Because it's just unnecessary.

The usage of the friend keyword is itself suspicious. In term of coupling it's the worst relationship (way ahead of inheritance and composition).

Any change to the internals of a class have a risk to impact the friends of this class... do you really want an unknown number of friends ? You would not even be able to list them if those who inherit from them could be friends also, and you would run in the risk of breaking your clients code each time, surely this is not desirable.

I freely admit that for homework/pet projects dependency is often a far away consideration. On small size projects it doesn't matter.
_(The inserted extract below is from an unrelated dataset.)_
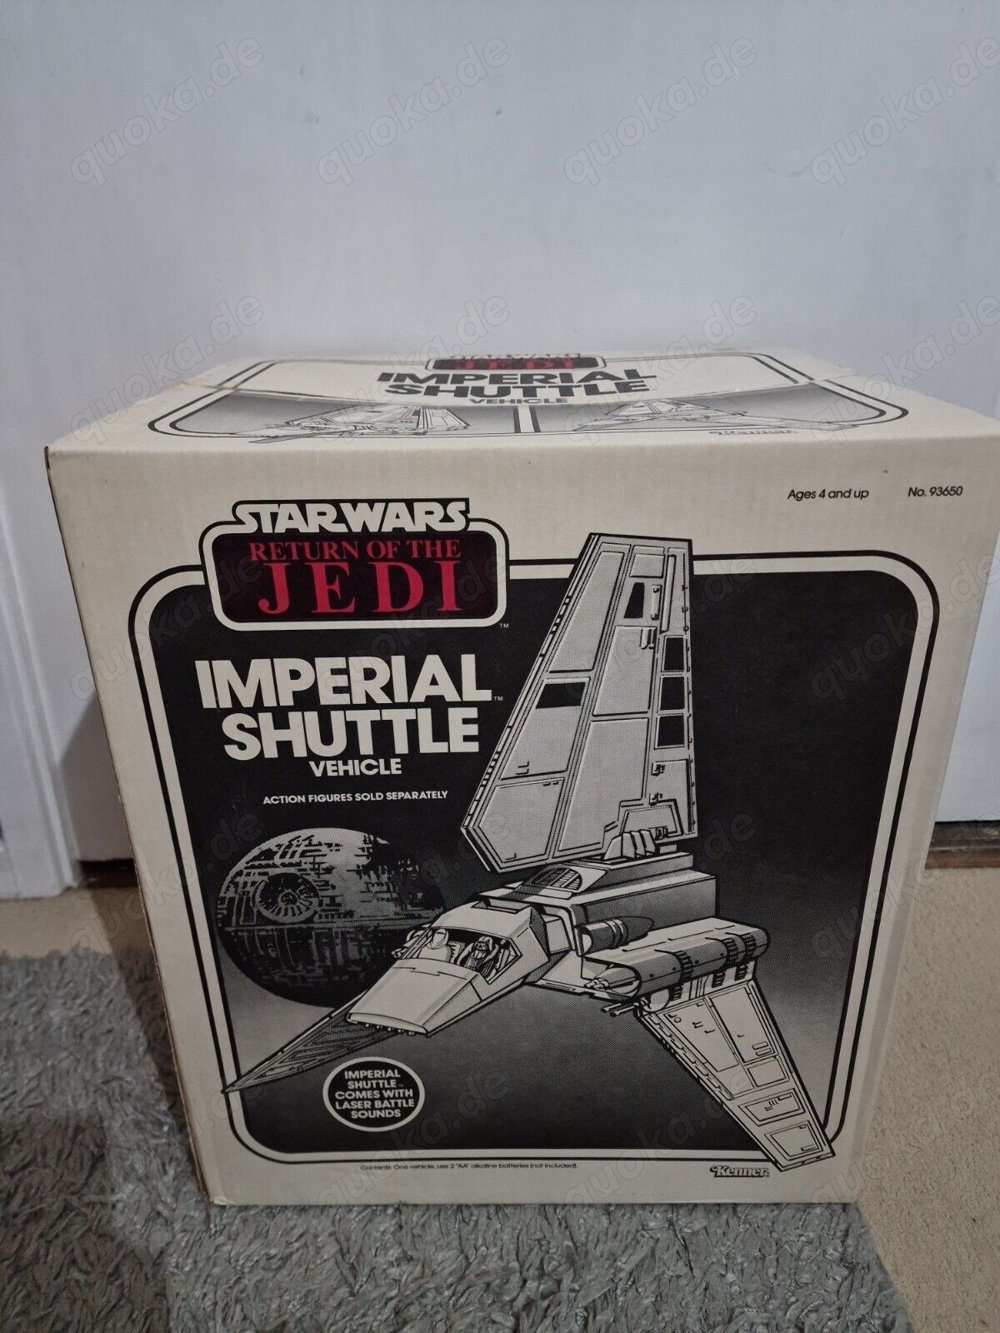 Vintage Star Wars Imperial Shuttle verpackt (mit unbenutztem Inhalt)

But as soon as several persons work on the same project and this grows into the dozens of thousands of lines you need to limit the impact of changes.
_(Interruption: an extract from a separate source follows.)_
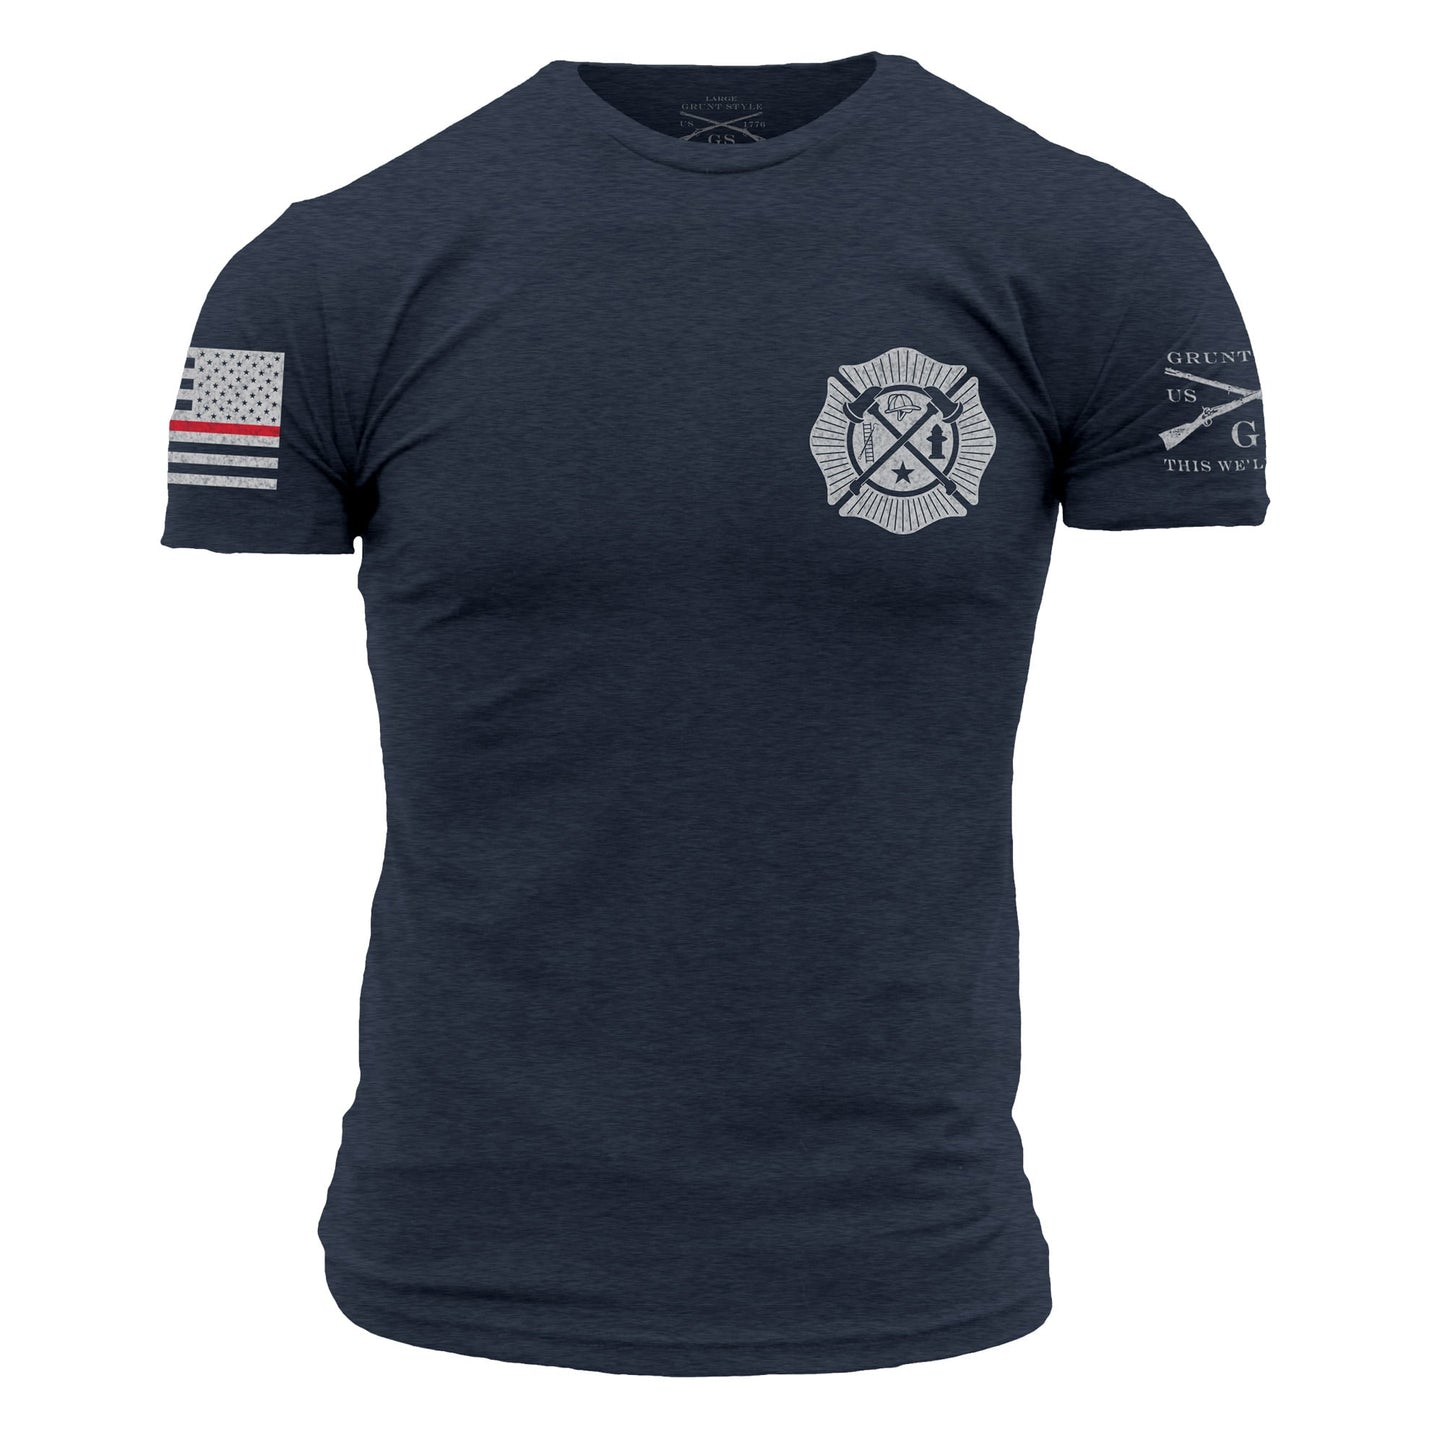 Wherever Flames May Range Shirt for Men | Grunt Style

This bring a very simple rule:

Changing the internals of a class should only affect the class itself

Of course, you'll probably affect its friends, but there are two cases here:

• friend free function: probably more of a member function anyway (I am think std::ostream& operator<<(...) here, which is not a member purely by accident of the language rules
• friend class ? you don't need friend classes on real classes.

I would recommend the use of the simple method:

class Example;

class ExampleKey { friend class Example; ExampleKey(); };

class Restricted
{
public:
  void forExampleOnly(int,int,ExampleKey const&);
};

This simple Key pattern allows you to declare a friend (in a way) without actually giving it access to your internals, thus isolating it from changes. Furthermore it allows this friend to lend its key to trustees (like children) if required.

Answer 5

Friend function in a class assigns the extern property to the function. i.e. extern means that the function has been declared and defined somewhere out of the class.

Hence it means friend function is not a member of a class. So the inheritance only allows you to inherit the properties of a class not external things. And also if inheritance is allowed for friend functions, then a third party class inheriting.

Answer 6

A guess: If a class declares some other class/function as a friend, it's because that second entity needs privileged access to the first. What use is there in granting the second entity privileged access to an arbitrary number of classes derived from the first?